→ **Work instruction**
Omit the pictures and reproduce the rest of the listing exactly.

→ **Dataset section**
--- START ---

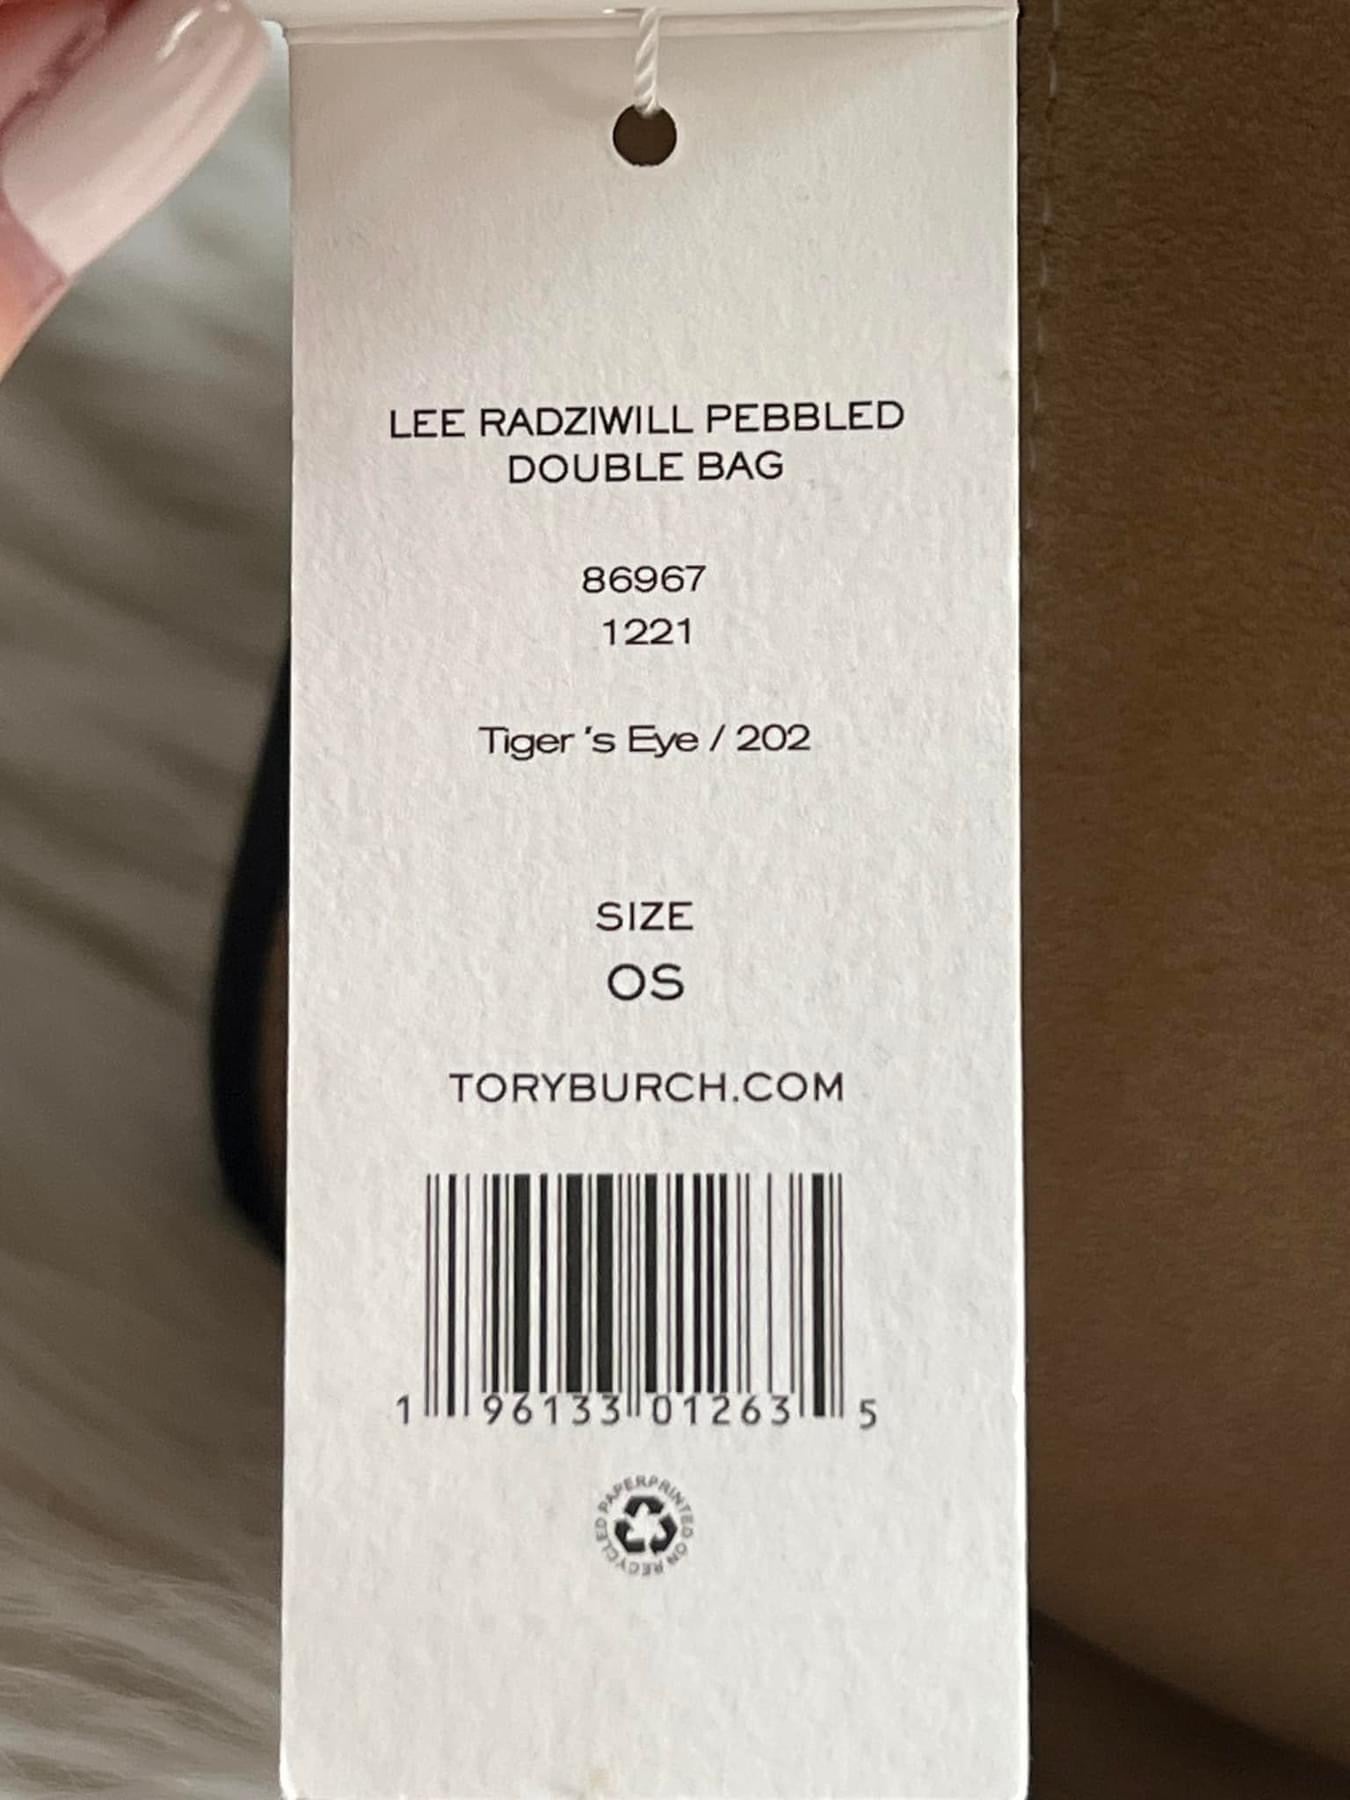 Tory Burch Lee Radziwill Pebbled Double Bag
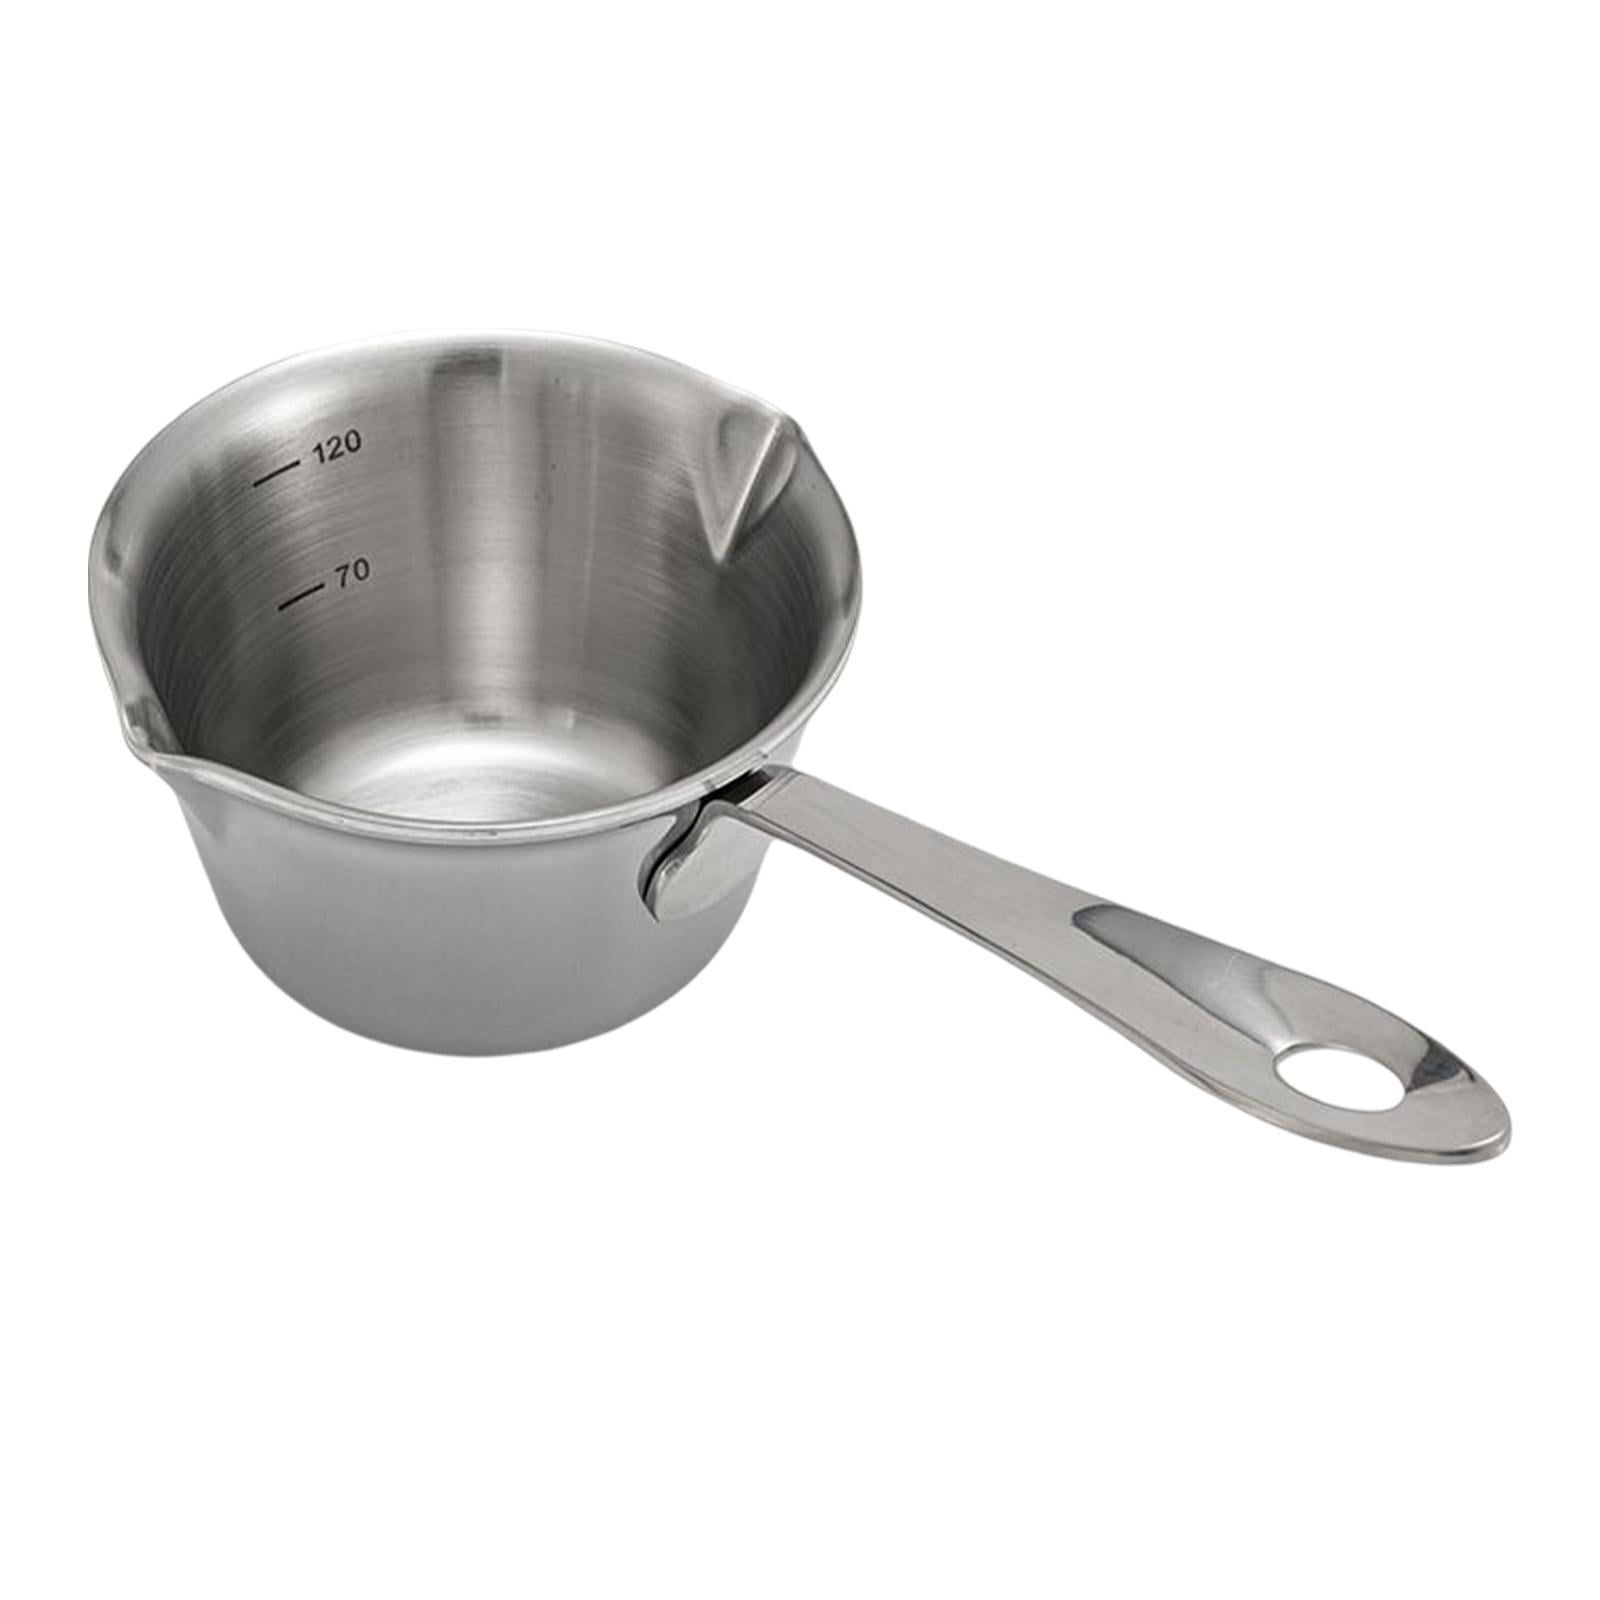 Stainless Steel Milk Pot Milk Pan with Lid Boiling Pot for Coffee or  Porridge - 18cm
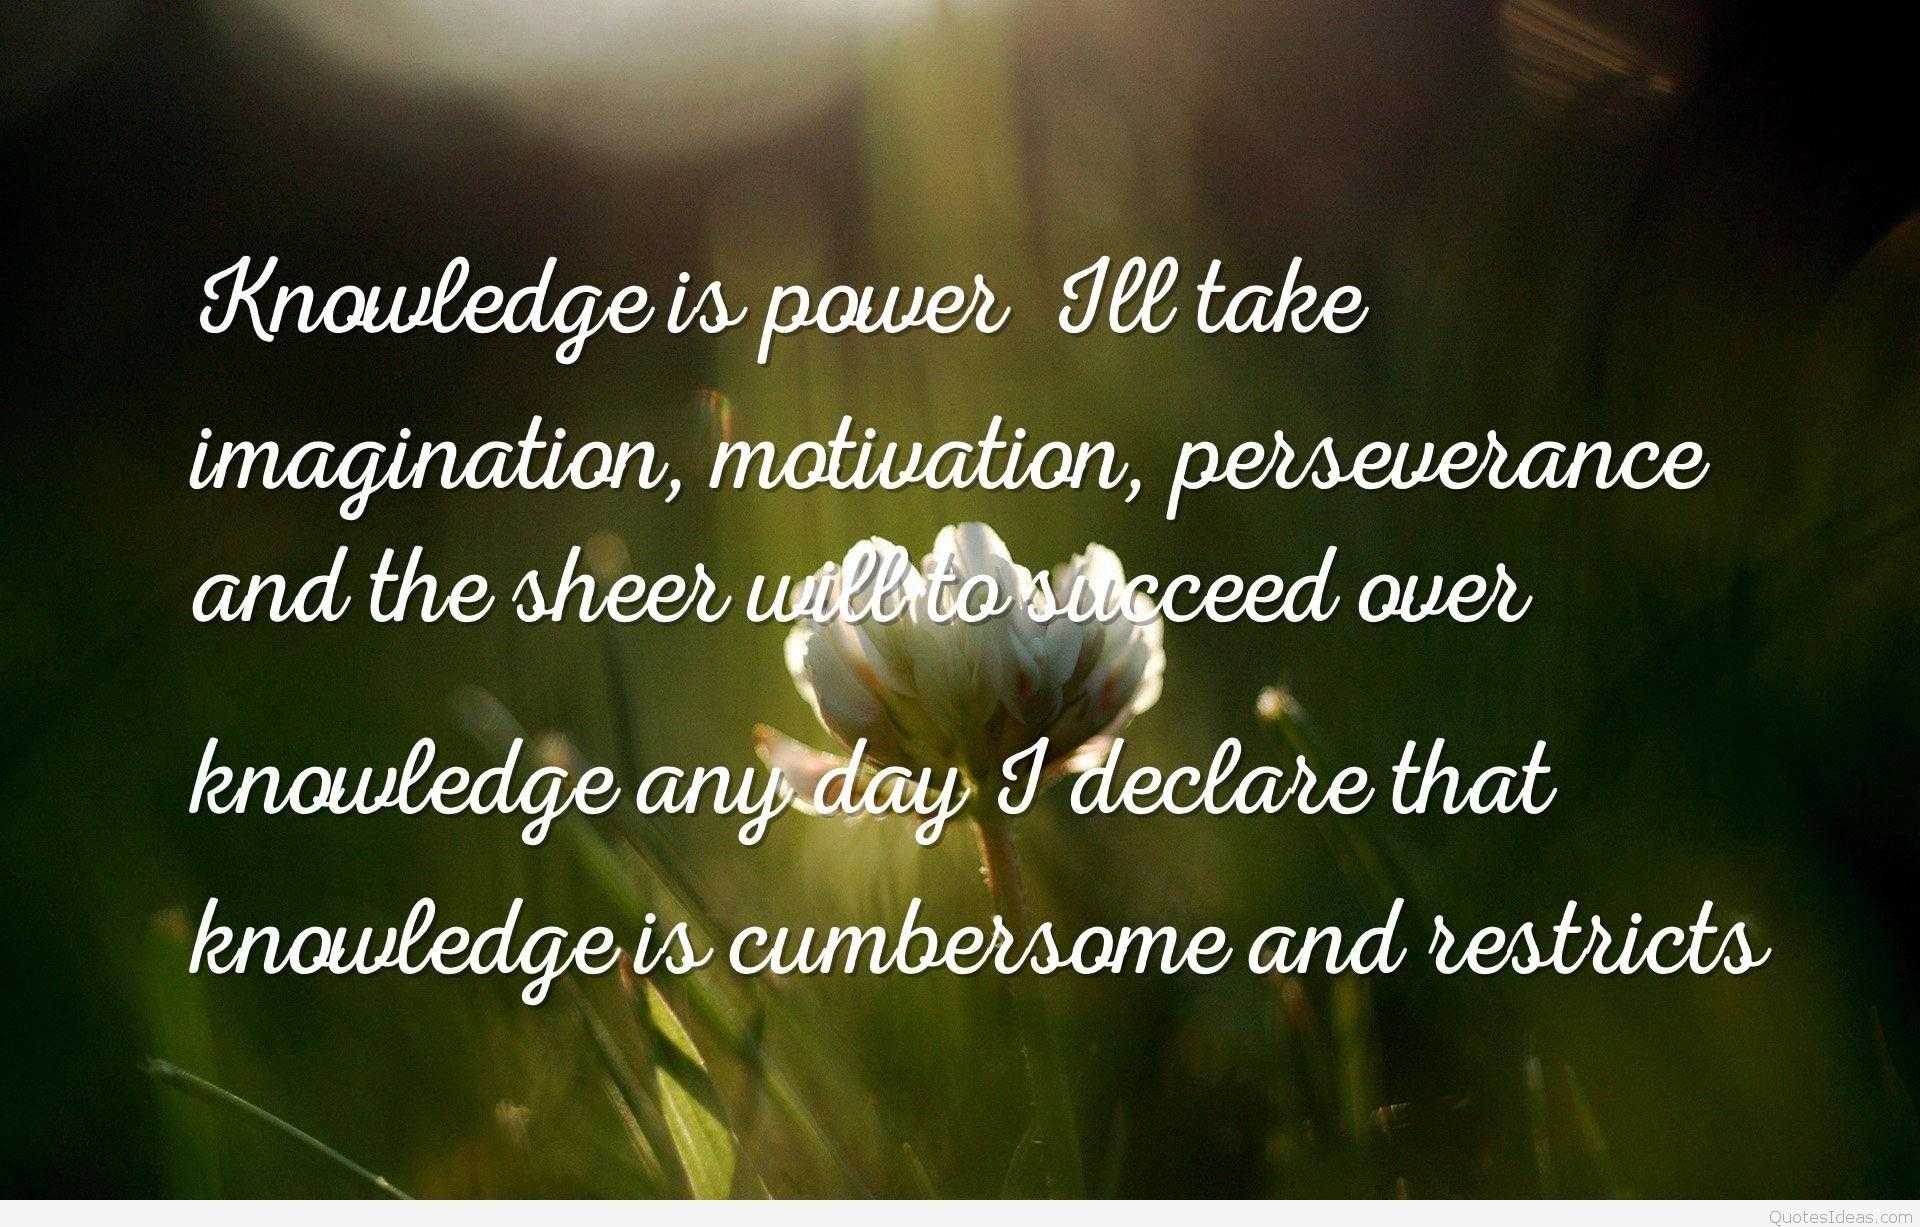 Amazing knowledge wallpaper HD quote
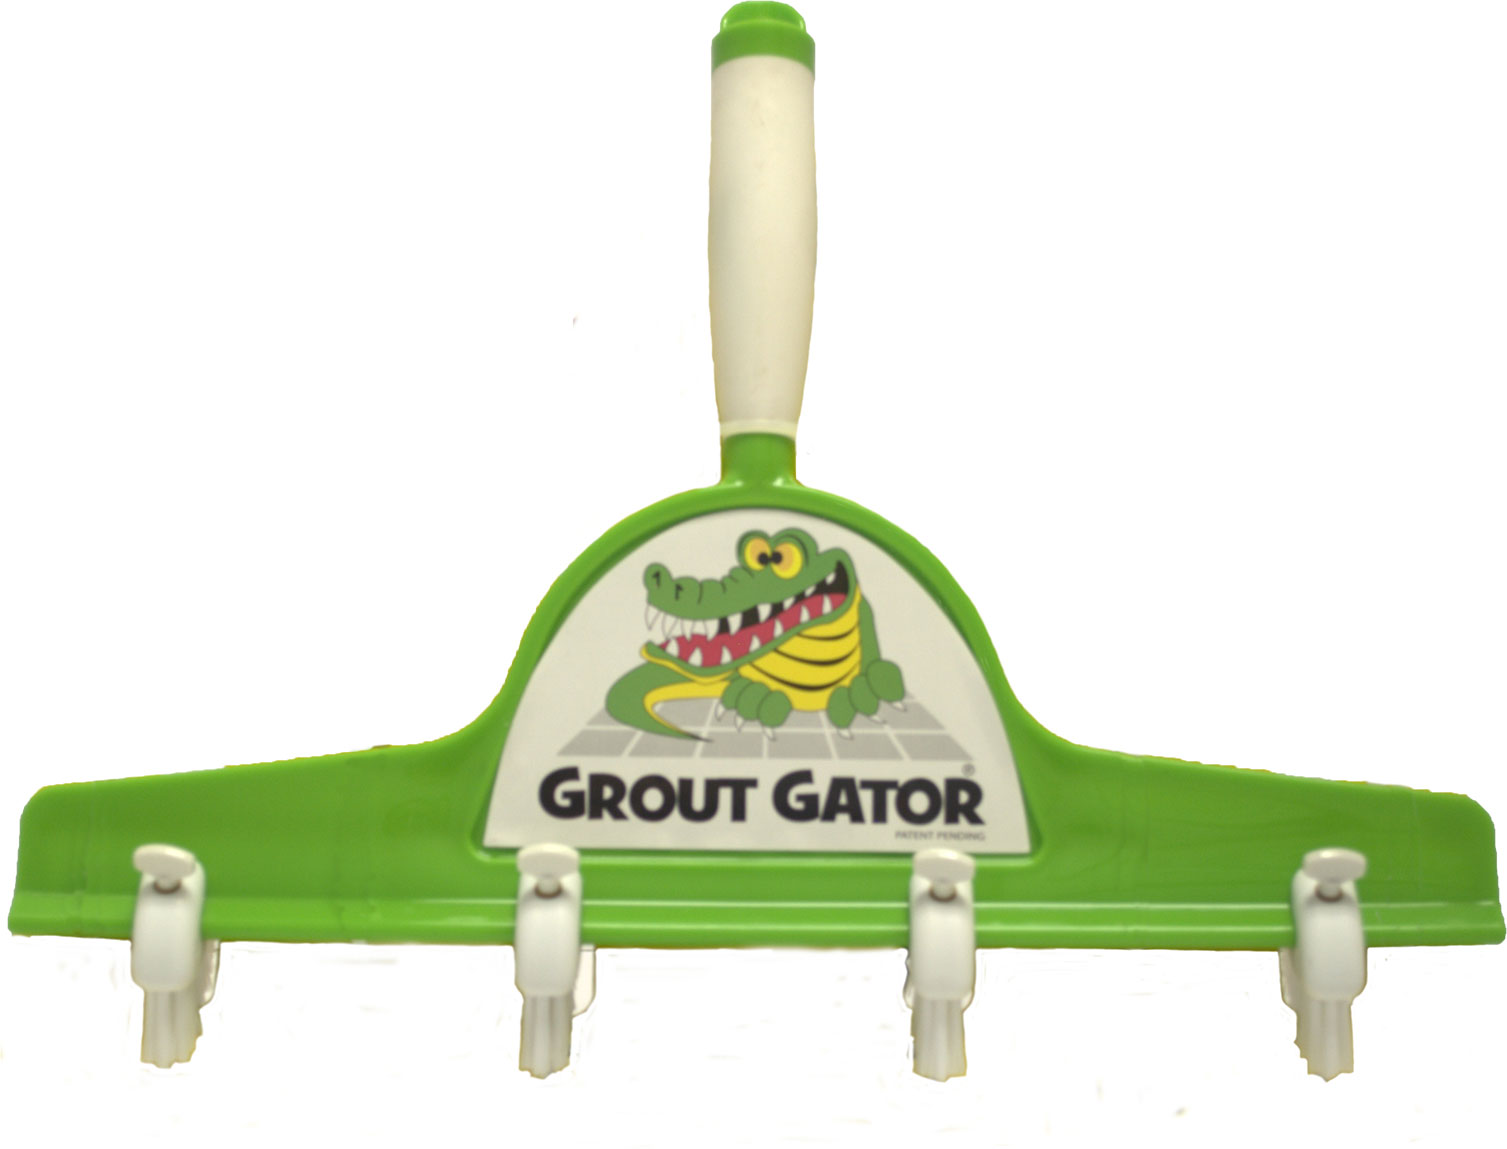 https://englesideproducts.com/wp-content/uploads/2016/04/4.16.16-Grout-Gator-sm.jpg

--- END ---

→ **Result of the task**
 Tory Burch Lee Radziwill Pebbled Double Bag
 Stainless Steel Milk Pot Milk Pan with Lid Boiling Pot for Coffee or  Porridge - 18cm
 Amazing knowledge wallpaper HD quote
 https://englesideproducts.com/wp-content/uploads/2016/04/4.16.16-Grout-Gator-sm.jpg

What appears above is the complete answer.